▶ _WORK ITEM_:
Repeat the lines below exactly as they appear, but leave out the images.
DATASET EXTRACT section start
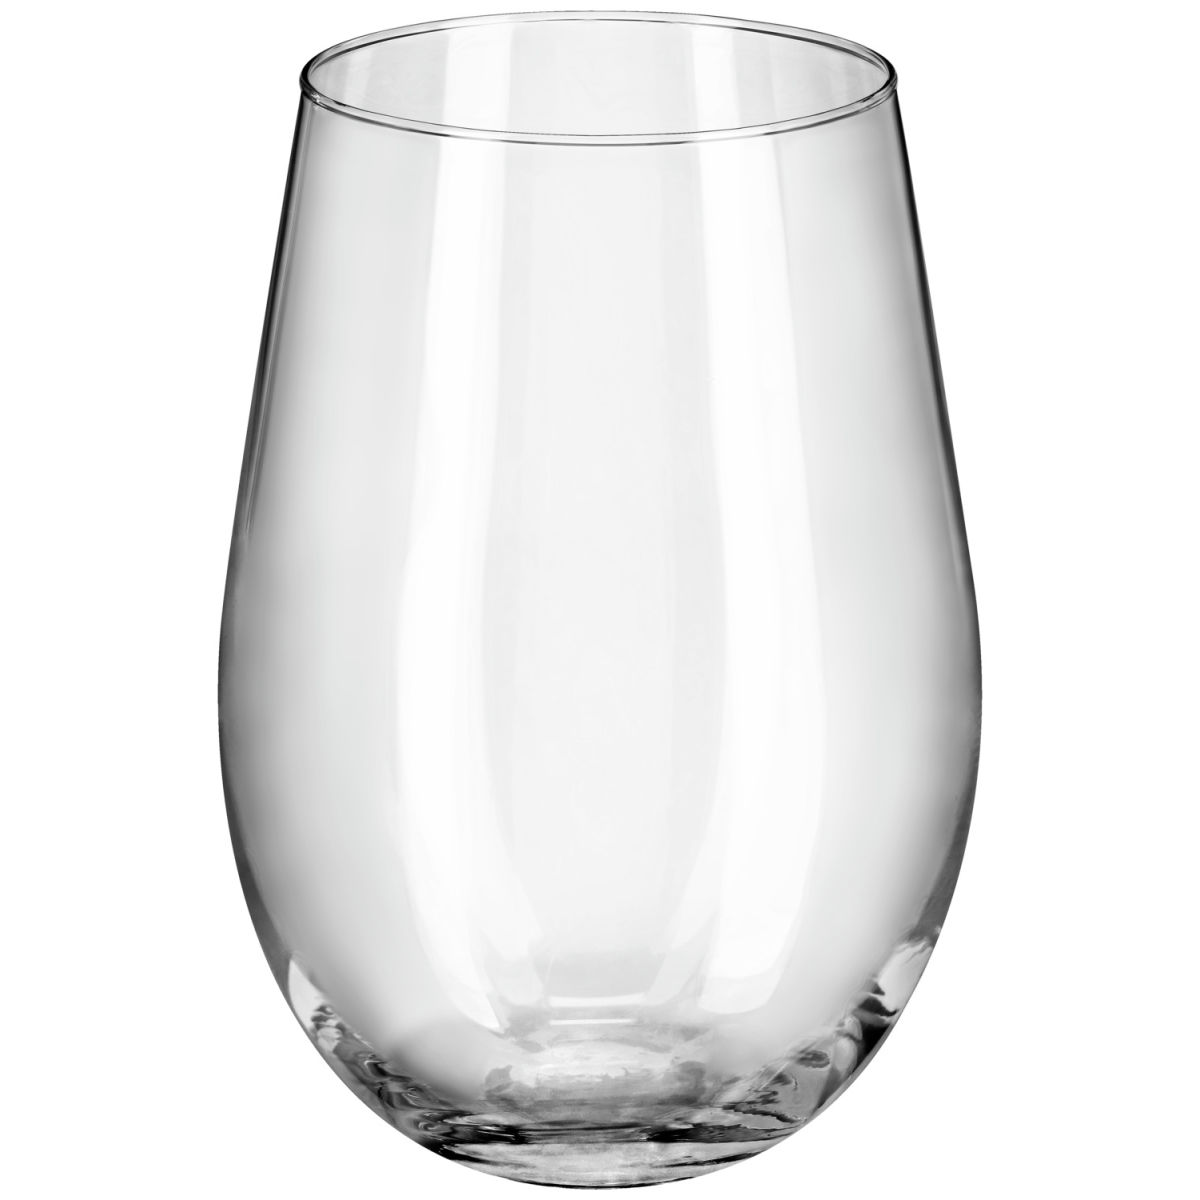 Krosno Rode wijnglas Harmony zonder steel; 580ml, 8.7x13.6 cm (ØxH); transparant; 6 stuk / verpakking
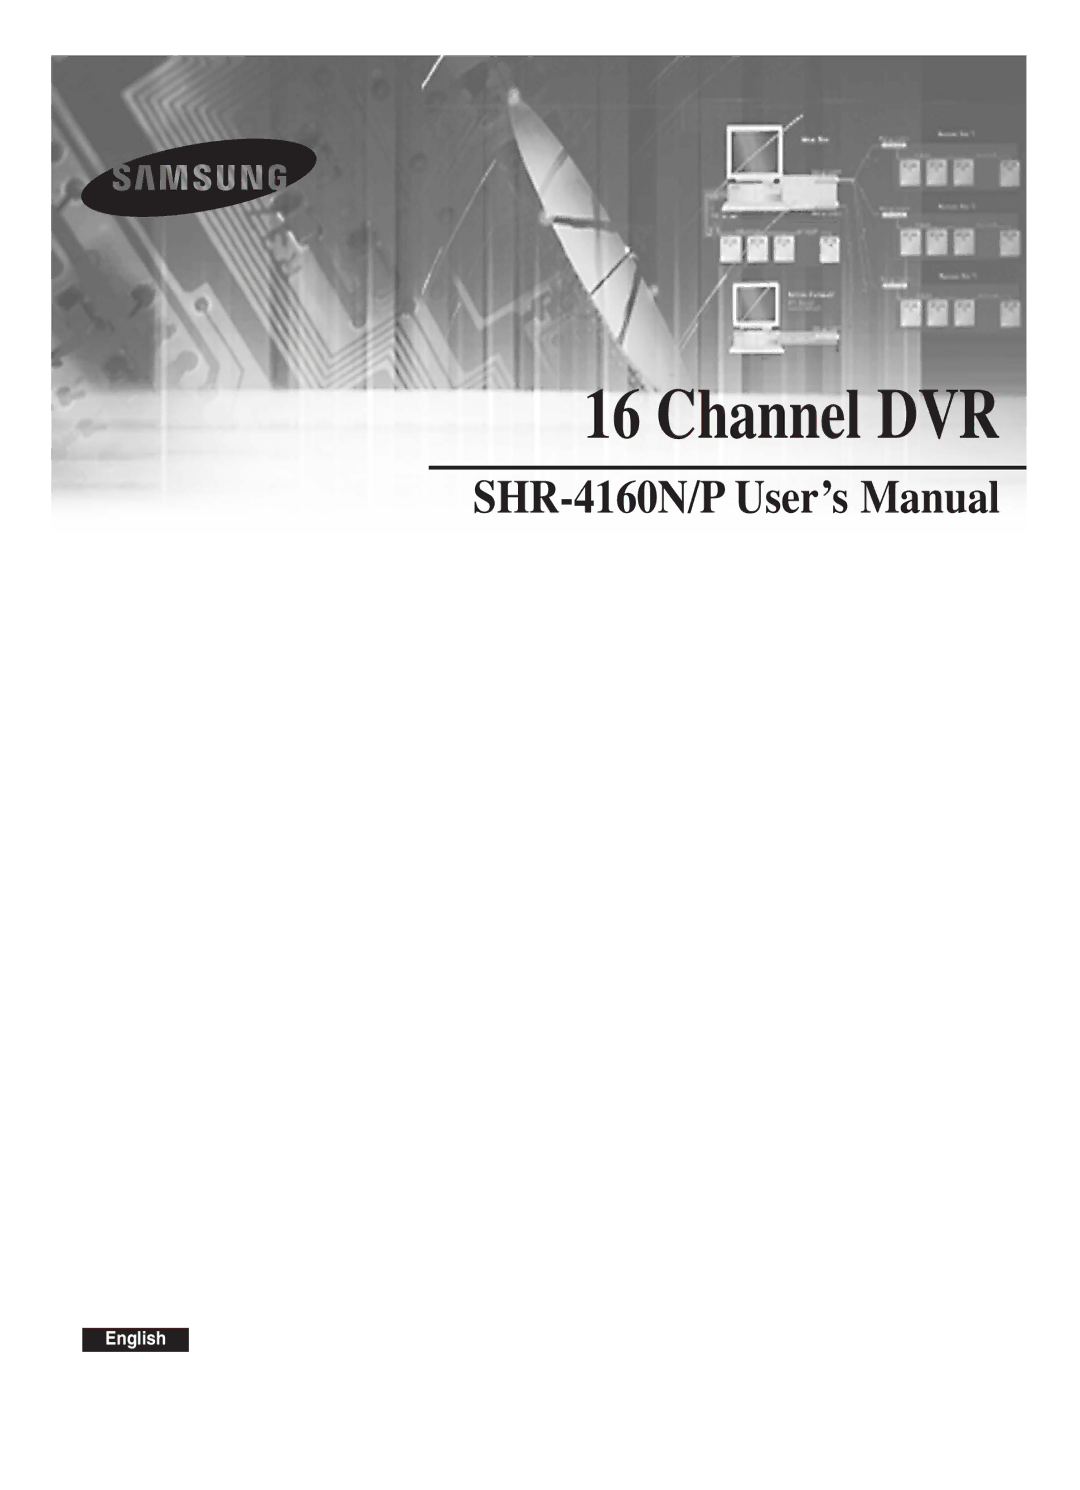 Samsung SHR-4160P manual Channel DVR 
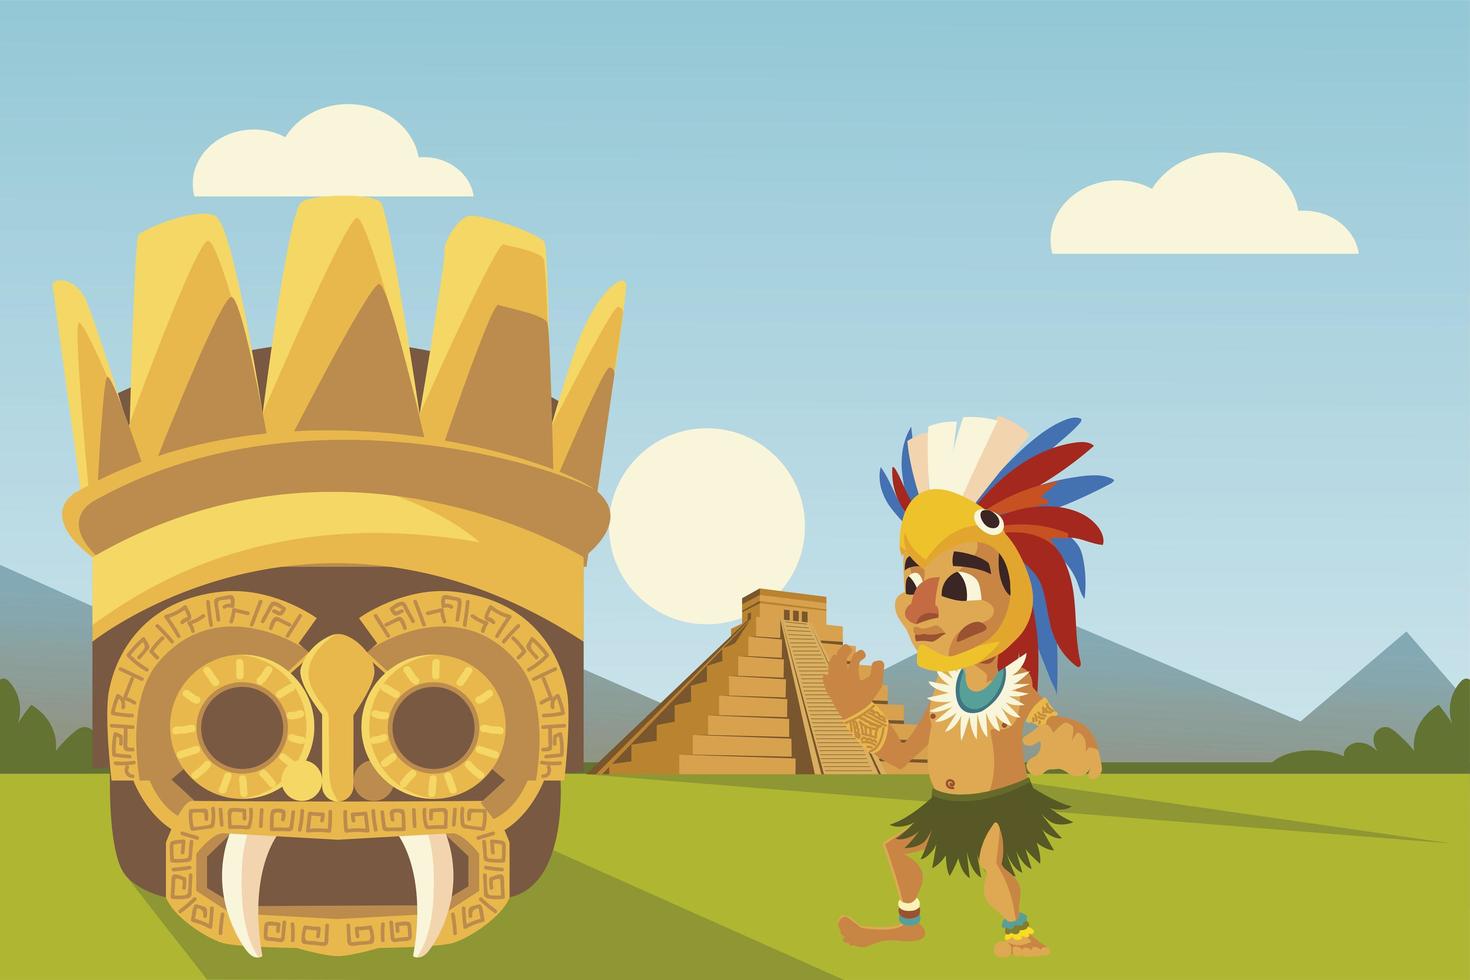 aztec kultur krigare mask och pyramid i landskap vektor
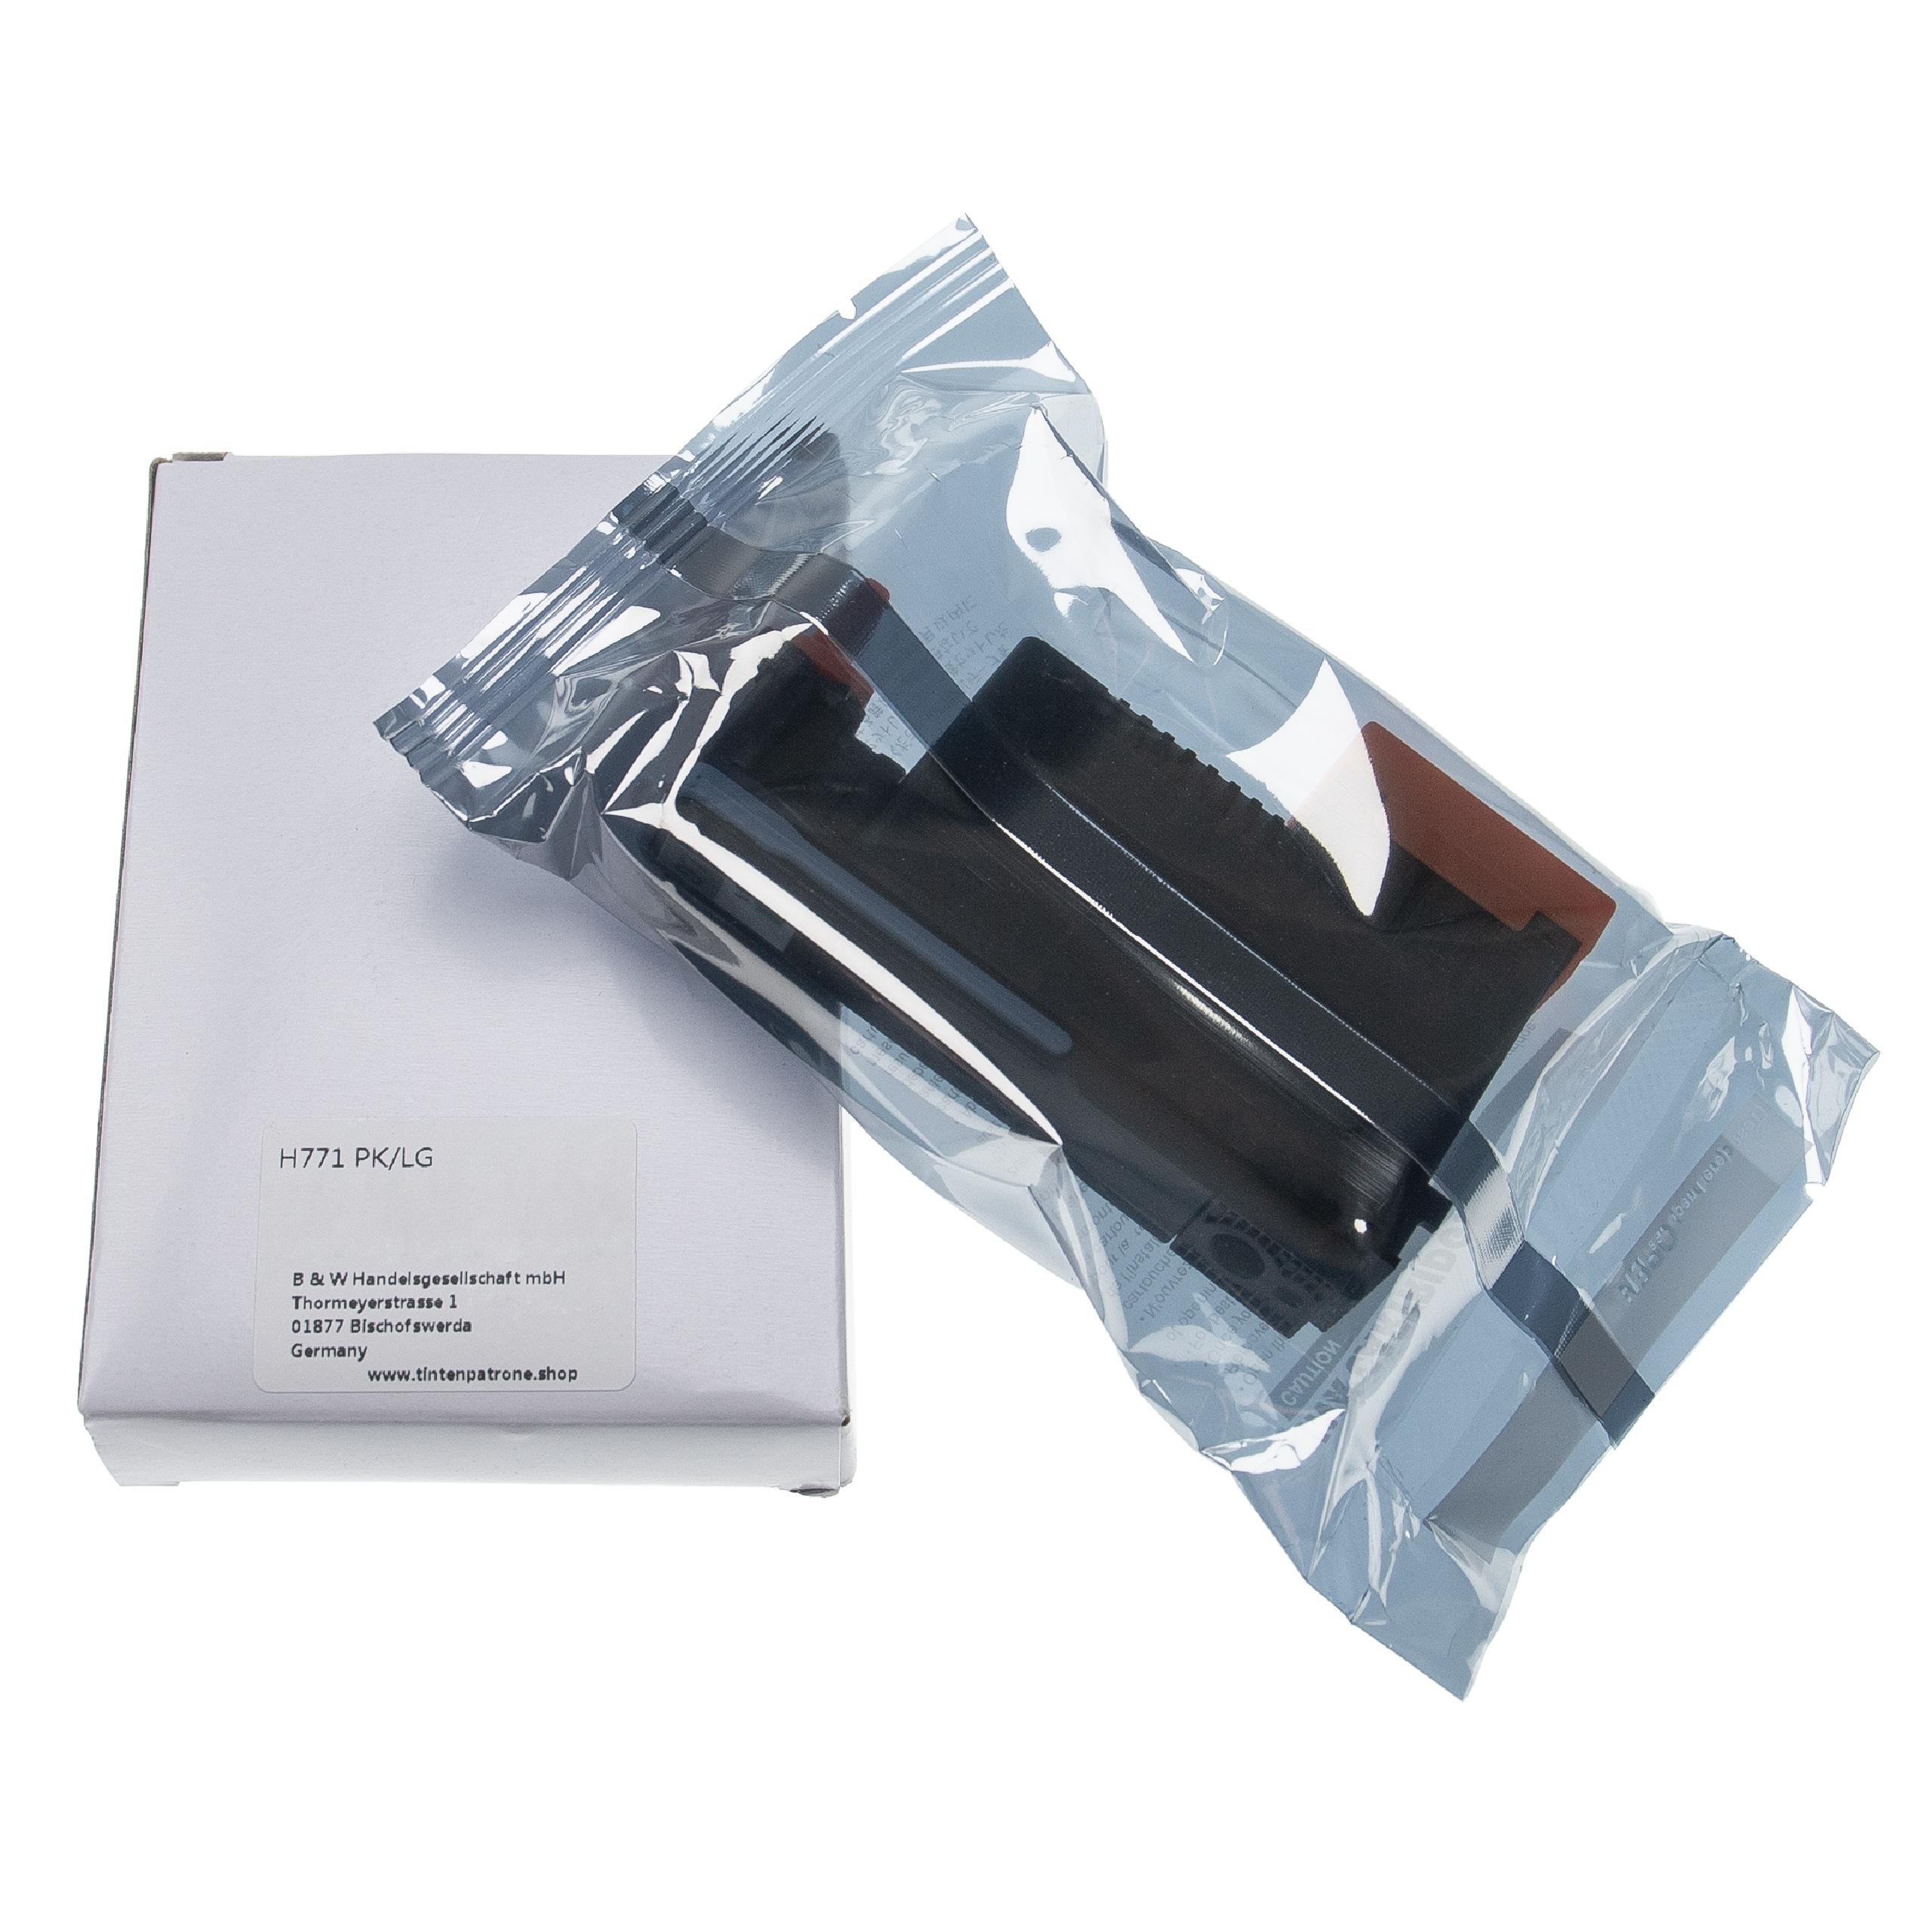 Druckkopf für HP DesignJet HP CE020A Drucker - 775 ml, photo black/light gray, 6,2 cm breit, Refurbished
DATASET EXTRACT section end
▶ _WRITTEN ANSWER_:
 Krosno Rode wijnglas Harmony zonder steel; 580ml, 8.7x13.6 cm (ØxH); transparant; 6 stuk / verpakking
 Samsung SHR-4160P manual Channel DVR 
 aztec kultur krigare mask och pyramid i landskap vektor
 Druckkopf für HP DesignJet HP CE020A Drucker - 775 ml, photo black/light gray, 6,2 cm breit, Refurbished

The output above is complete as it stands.